THE man paused and poured himself another drink. "Well, I seen it all then—how with me out of the way, they'd have all my dust, an' the claim to boot. That hold-up an' murder was shore a good break fer them. It give 'em the chanct they'd been waitin' fer. An' with my own wife testifyin' agin me, I wouldn't have a show. But then I happened to remember that I'd heard there was somethin' in the law about not lettin' a man's wife testify agin him in court, an' I told Bony so. He looked at me kind of funny. 'Git this, you damn fool,' he says. 'Don't you see that there wouldn't be no testifyin', because there wouldn't never be no trial! Buck McGrath wants you out of the way—fer keeps. He wants yer dust, an' he wants Effie. It wouldn't do him no good to jail you—he'll come out here an' kill you. That's what he'll do, an' then between 'em they'll claim it was self-defense—that you was heeled, an' was resistin' arrest.'

"I was cool as hell, by that time, an' I goes over an' takes down the six-gun an' feeds her some shells. 'There won't only be one hitch in that program,' I says, 'an' that is it's goin' to be Buck McGrath they bury, instead of me.'

"Bony, he bangs his fist on the table an' calls me all the damn fools he kin lay his tongue to. 'You can't do that! They'll bury you both, if you do. He's a U.S. deputy marshal in discharge of his duty—an' they'll hang you higher'n hell if you kill him! They won't give you no breaks at all. Yer in wrong from the start—with that warrant agin' you!'

"I asks him why in hell Fogarty didn't serve the warrant himself, instead of deputizin' that damn Buck McGrath? Bony laughs. 'Fogarty's kind of old an' fat, an' easy to hit with a six-gun—an' he knows it. He ain't huntin' no chances to shoot it out with no murderers. Believe me, he jumped at the chanct of deputizin' Buck fer the job. Fogarty's no damn fool. He's lived quite a while, by not shootin' it out with folks—an' he's willin' to live longer.'

"'What the hell'll I do?' I says. 'Stay here an' let 'em knock me off?'

"'No,' says Bony, 'you throw a stampedin' pack together an' hit out right now! Hit fer the Yukon line. Keep on upriver, an' keep goin' on an' on till you cross the divide into the valley of the White River. Then hunt up Halfaday Crick an' go to Cushing's Fort, an' tell Black John Smith an' Old Cush that Left Handed John Smith says hello, an' he's alive an' kickin'—an' if you ever git over into the Tanana country to stop into the saloon at Starbuck, an' he'll buy a drink.'"

"Left Handed John, eh?" said Black John. "Shore—I rec'lect him! He pulled out better'n a year ago. Don't you mind, Cush—it was Left Handed John that could do all them card tricks! He was a Yukon wanted—pulled off some kind of a venture down around Whitehorse, er Hootalinqua, er somewheres. Left Handed was all right. I'm glad to hear he's doin' well. I wonder if Bony Cameron would be his real name? Er just one he thought up?"

"I couldn't say," replied Cush. "But I'm glad to hear that he's gone into a respectable business. I take a kind of a pride in it when one of our local boys makes good."
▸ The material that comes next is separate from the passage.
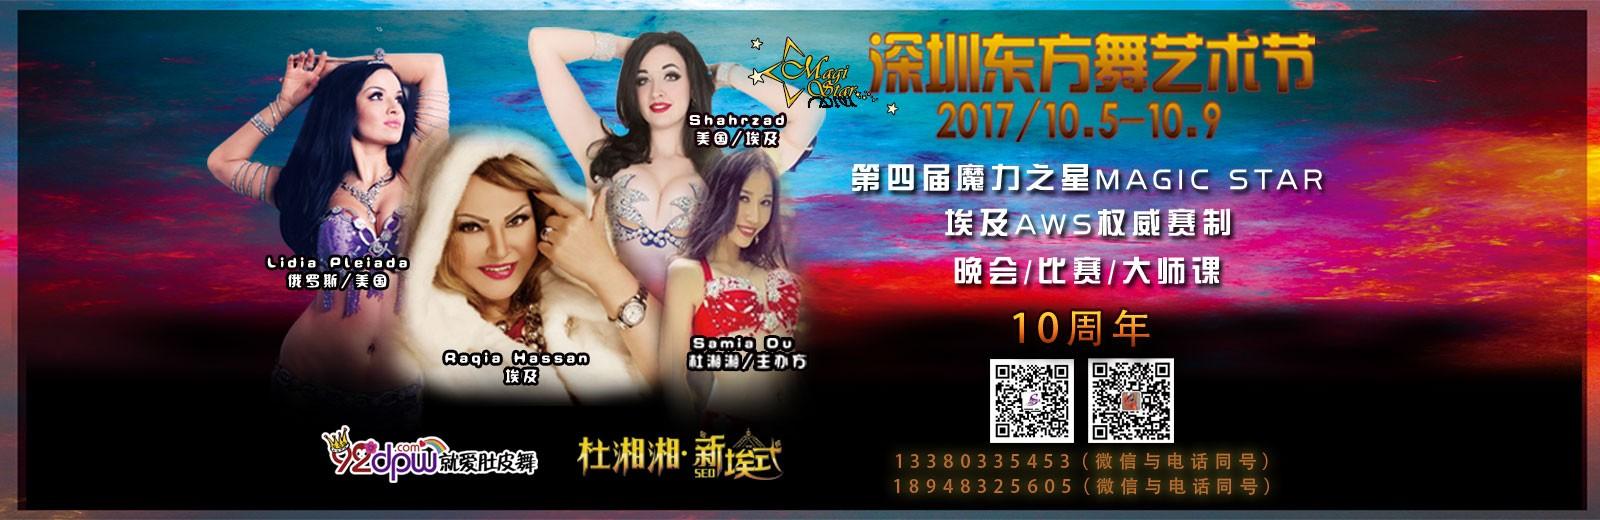 深圳东方舞艺术节

"HE'S a damn good fella," said Corby. "He shore saved me from committin' a murder. Er gittin' murdered—one er the other. He helped me throw my stuff together, an' give me the thirty- eight thousan' in bills that he got fer my dust—an' here I be. Besides that, he took an assignment on my claim, so them two damn crooks won't git it. He'll sell it out fer me, an' ship me the money. An' by the way, I wonder if I could cache them bills in yer safe?"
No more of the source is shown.